Open bioviz84 opened 1 year ago

bioviz84 commented 1 year ago

Hi ALex I have retrieved the fasta sequences from a bed file using the bedtools (without specifying the strand information), and then I treated each sequence as a gene and combined it with a human reference to create a custom reference. I generated the custom  gtf file with start and end defined as the start and end of the gene since I manually attached each transcript to the referenceie (start=1 to stop =len(seq)), but I recorded all of the strand information as "+" (this is an oversight I made because I forgot to keep the strand information from the bed file). I used STAR to perform the alignment, however I wonder if I missed any alignent to the actual sequences that had "-" strand information in the bed file. Can you please tell me how the Algorithm works in this scenario. Please let me know if you need more information if it's not clear. Any help in this regard will be appreciated. bioviz

alexdobin commented 1 year ago

Hi @bioviz84

for mapping, only the splice junction coordinates are extracted from the GTF, so it should not be affected.
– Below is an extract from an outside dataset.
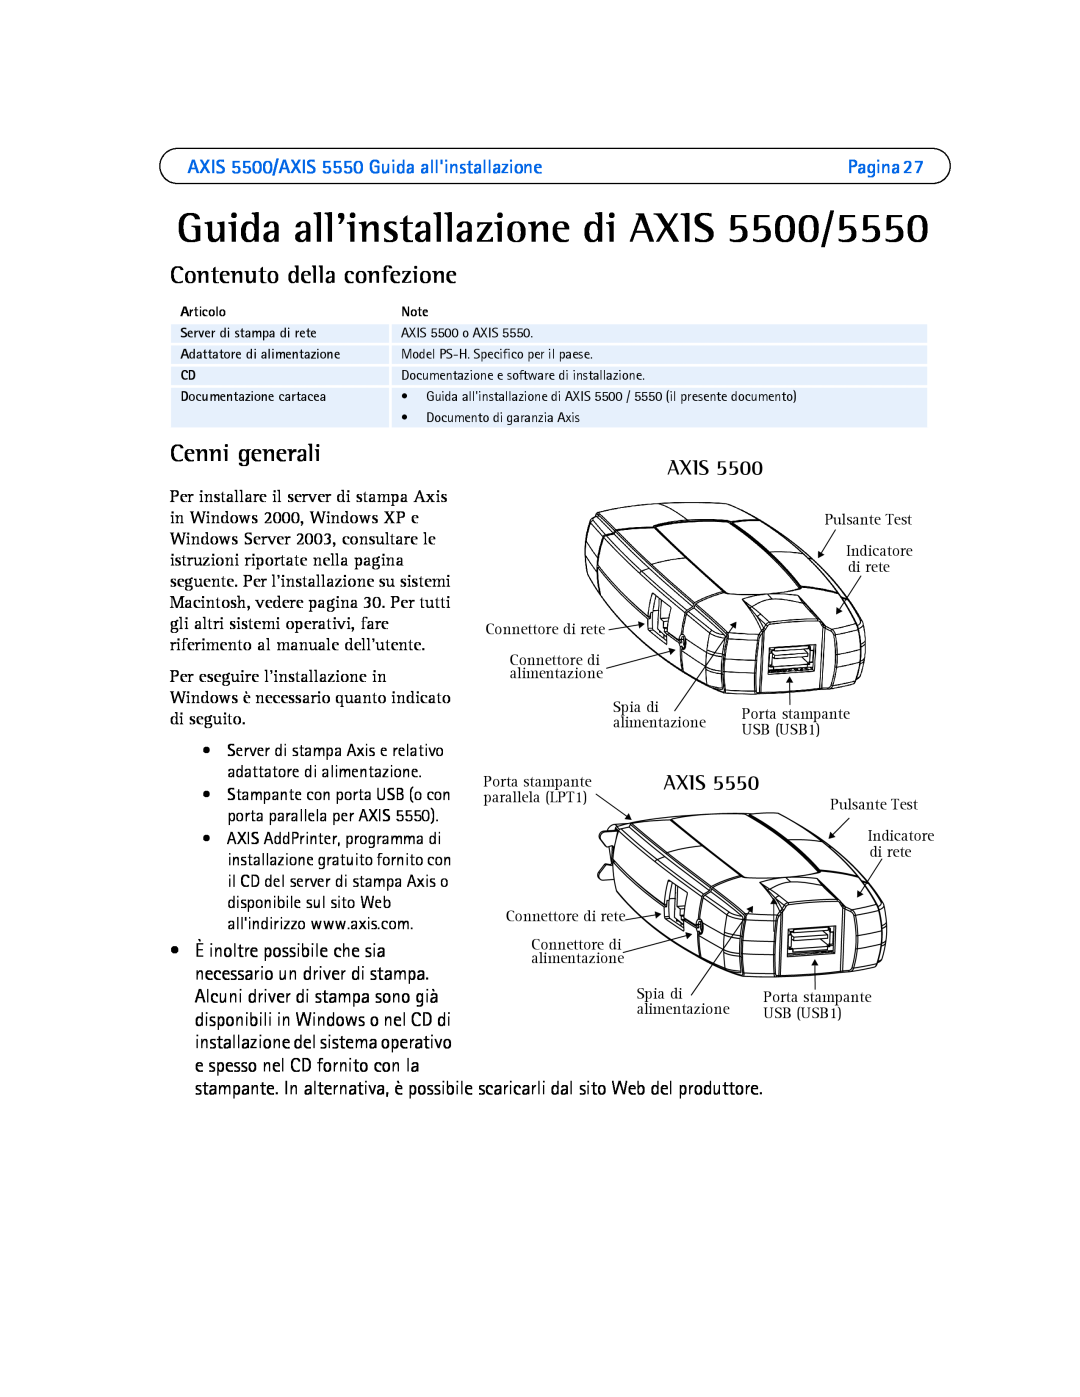 Axis Communications AXIS 5550 Guida allinstallazione di AXIS 5500/5550, Contenuto della confezione, Cenni generali, Axis

bioviz84 commented 1 year ago

Thank you for the reply.

Can I please ask you how can I get the TPM for a transcript in forward strand and a reverse strand from STAR output?

Another naive query, I have some ORF finding for my gene of interest , can I make a custom reference based on that, like is there any minimum length to be included in genome build that can give a confident alignment? Thanks, BioViZ

alexdobin commented 1 year ago

Calculating transcript expression requires using a transcript quantifying tool, such as RSEM or Salmon.
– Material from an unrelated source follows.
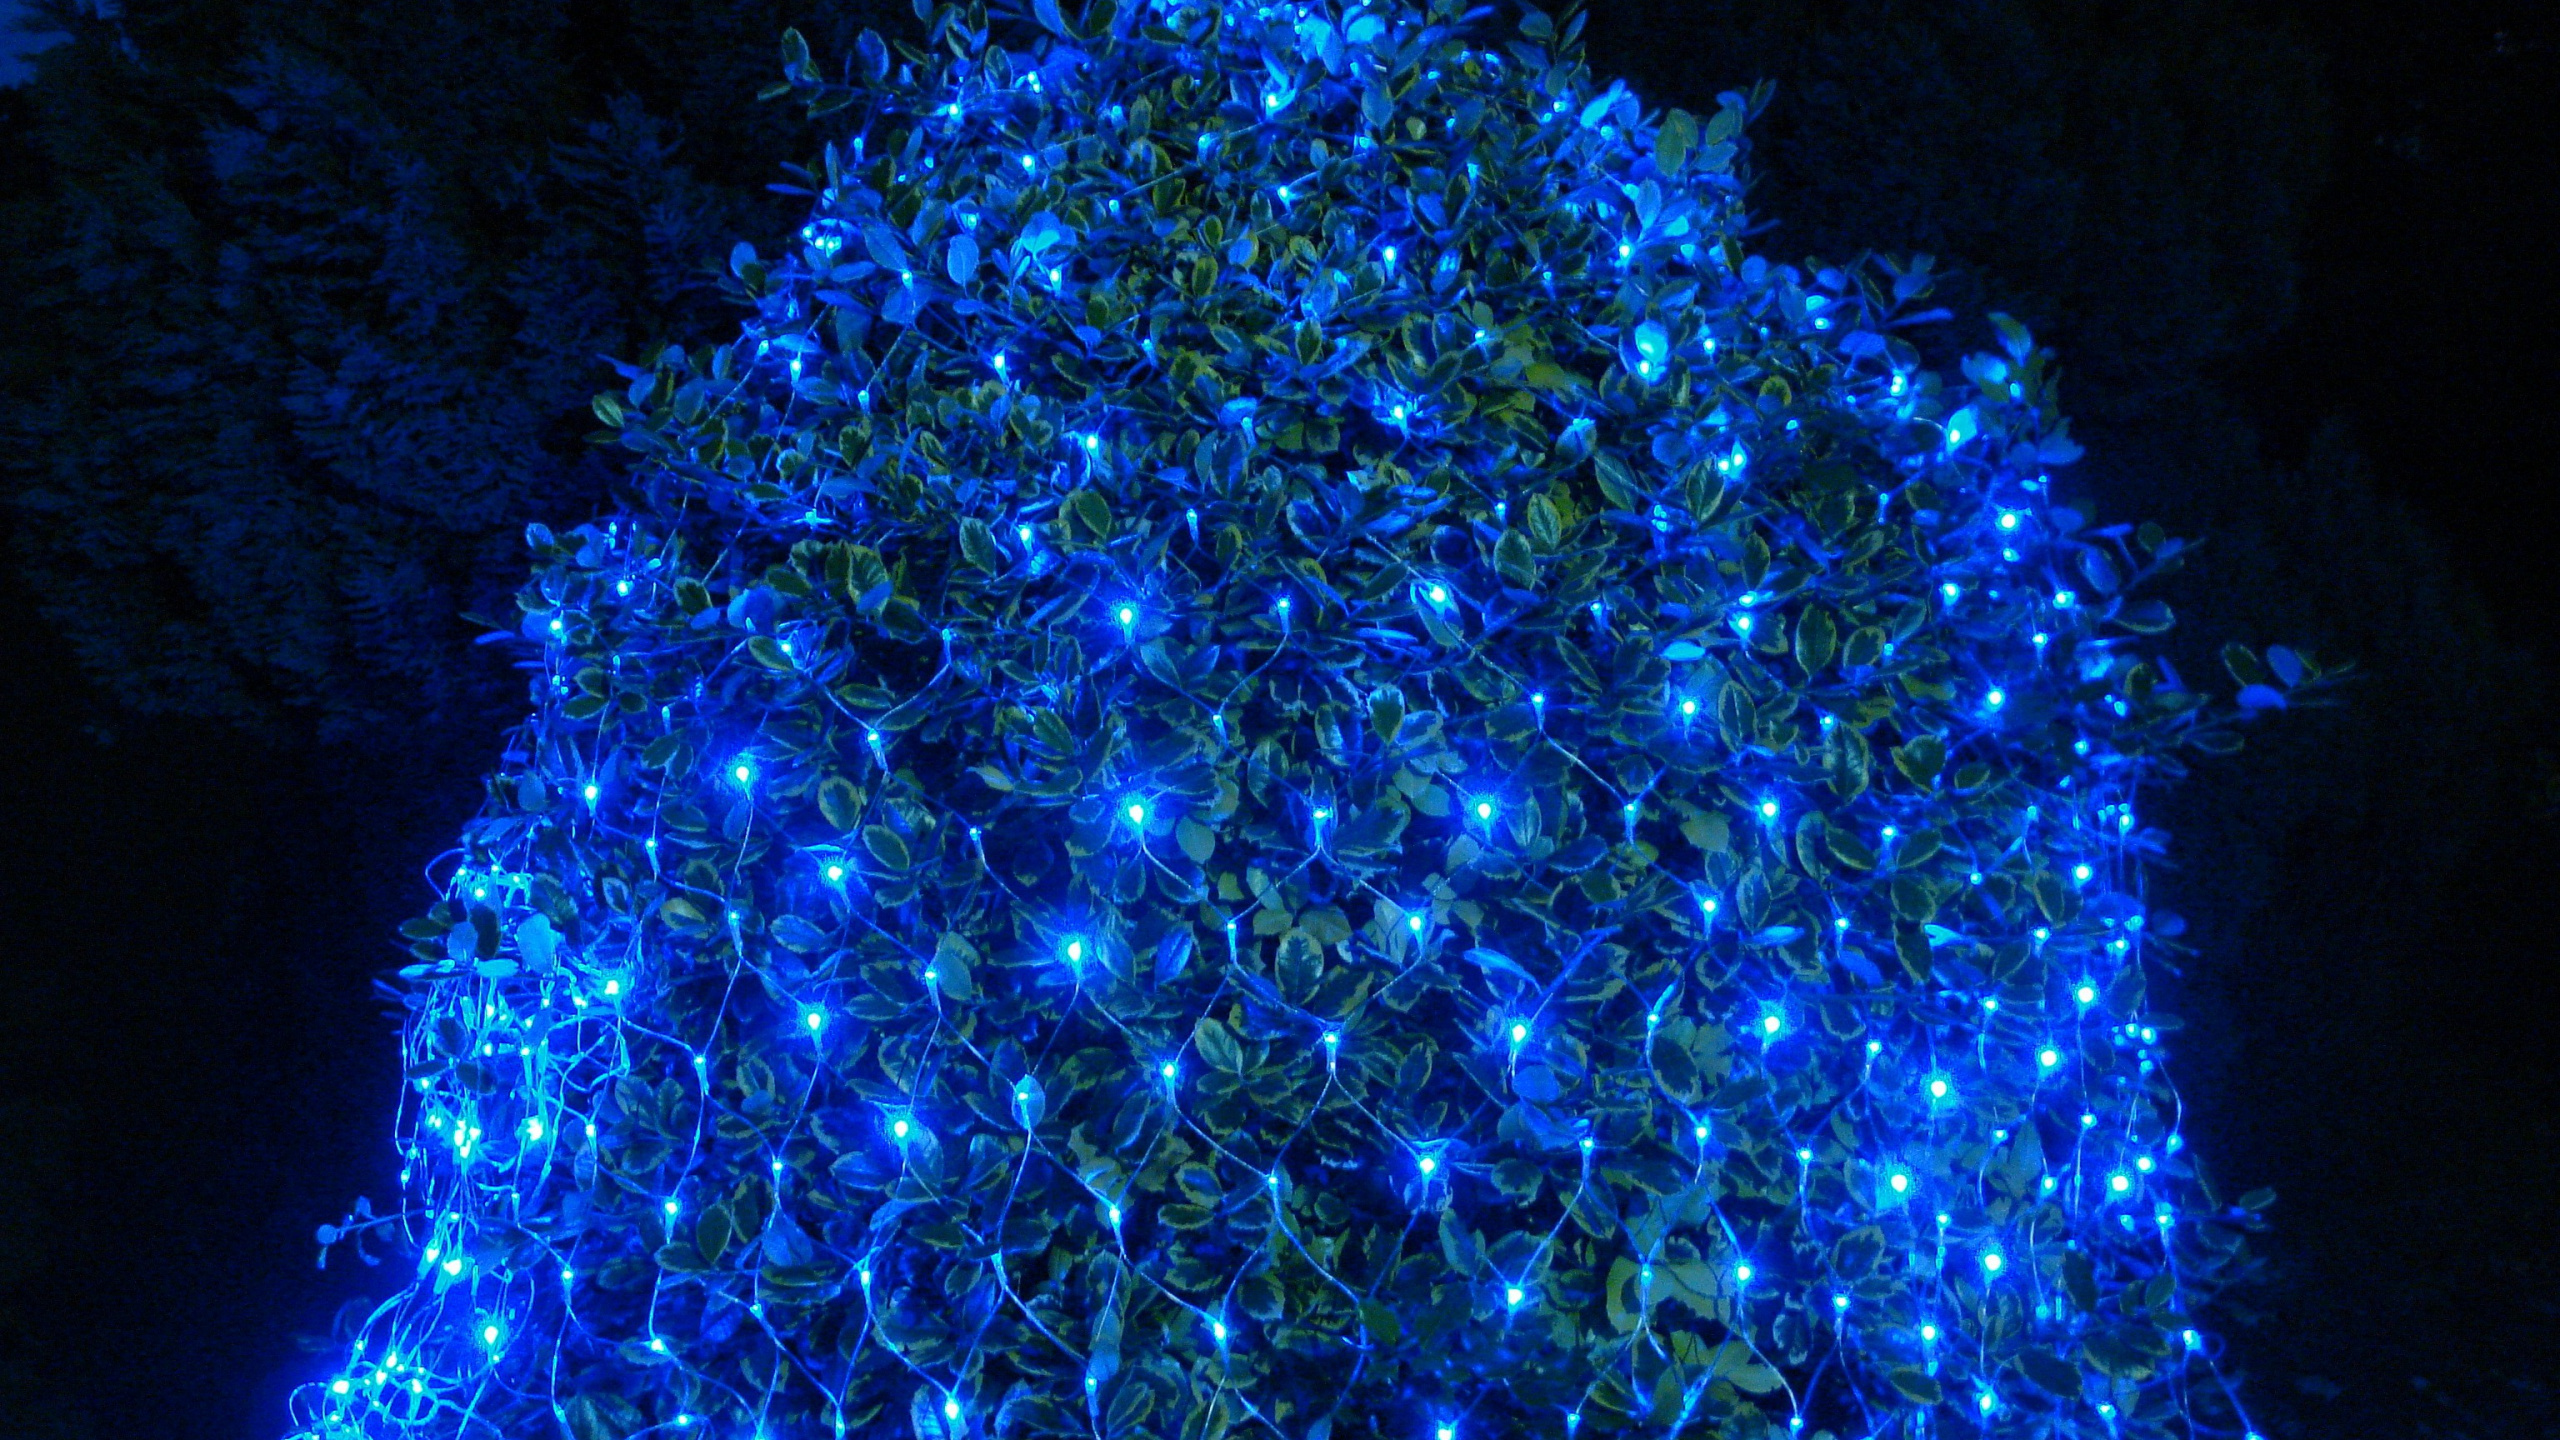 Led-Lampe, Weihnachtsbeleuchtung, Nachtlicht, Licht, Blau. Wallpaper in 2560x1440 Resolution

There is no minimum length for the reference sequence (of course they should be longer than the read length).

bioviz84 commented 1 year ago

Hi Alex,

Thanks for the reply,

I have a custom reference human+3k hERV loci ,trying to revise it by adding a couple of hERV ORFs of our interest , but those are sub-sets of already included 3kHERVs. In this case I believe there will be a sizable number of reads that map at both herv ORFs and 3k hervs . What would be the best way to get the accurate quantification in this scenario. ?
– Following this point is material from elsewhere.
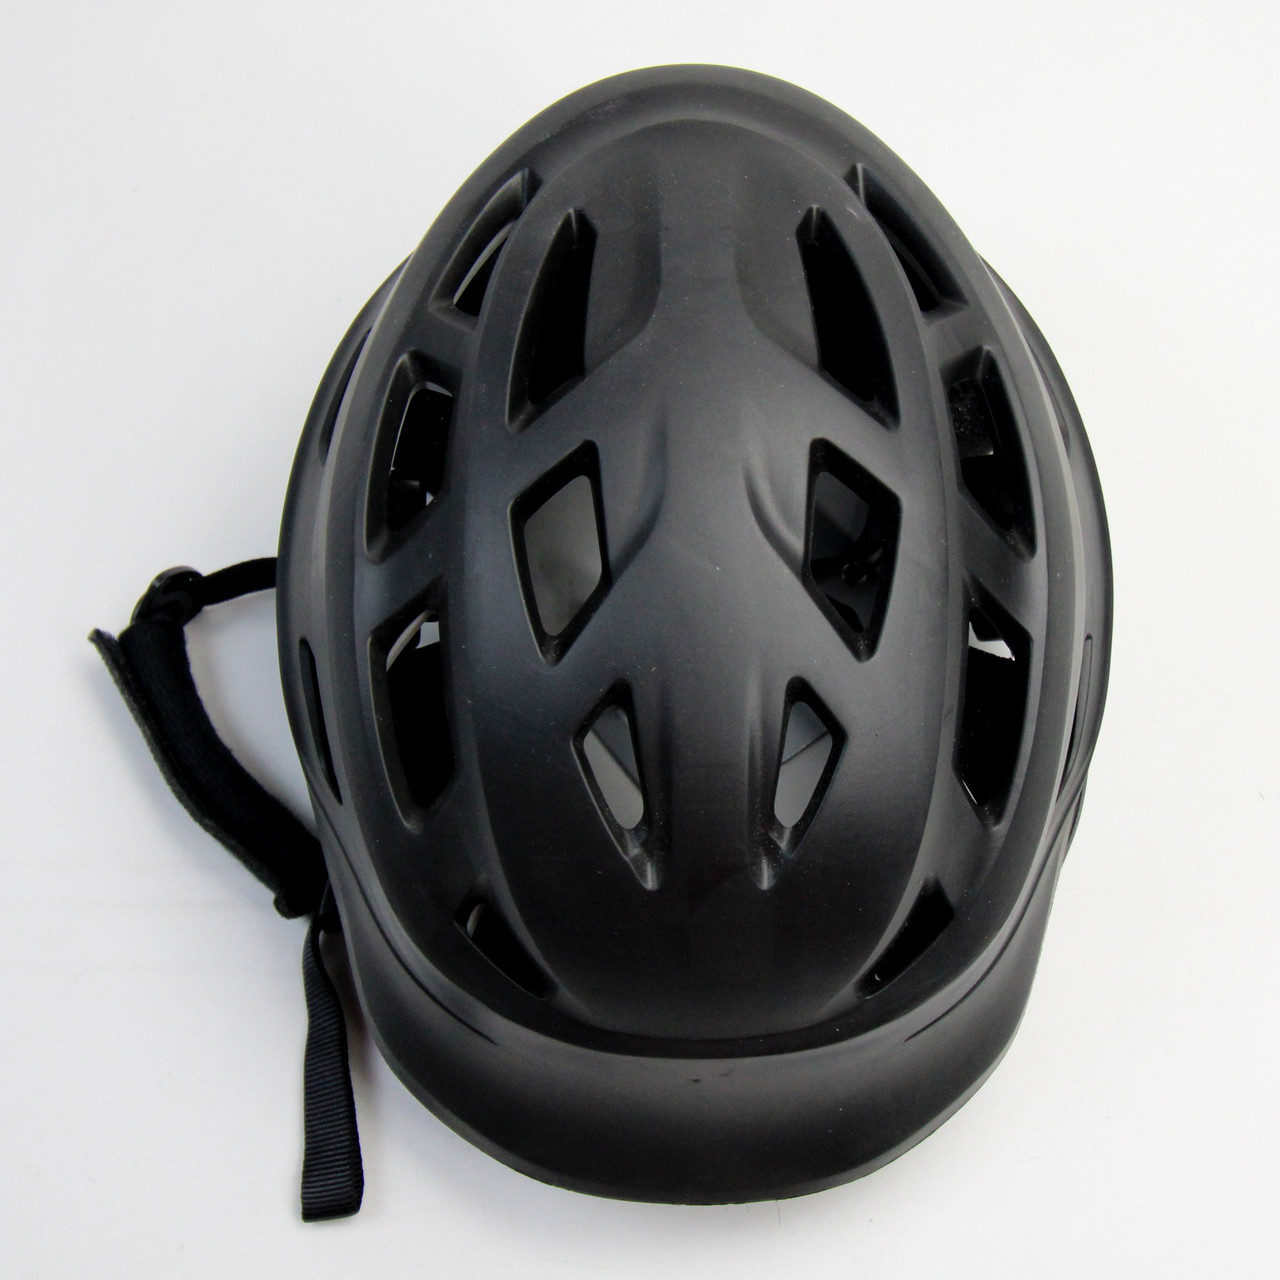 Helmet - Other

[I thought of running "--quantmode GeneCounts" with "--outFilterMultimapNmax 100", but Seeing this thread, doesn't appear to work in the way I anticipate.

What would be the ideal way to get accurate read counts mapped to these ORFs.? Thanks, Bioviz

alexdobin commented 1 year ago

Hi @bioviz84

identical sequences in the reference will result in reads multi-mapping to >1 loci, which makes quantification ambiguous. If you want to count multi-mappers, featureCounts has an option to do it.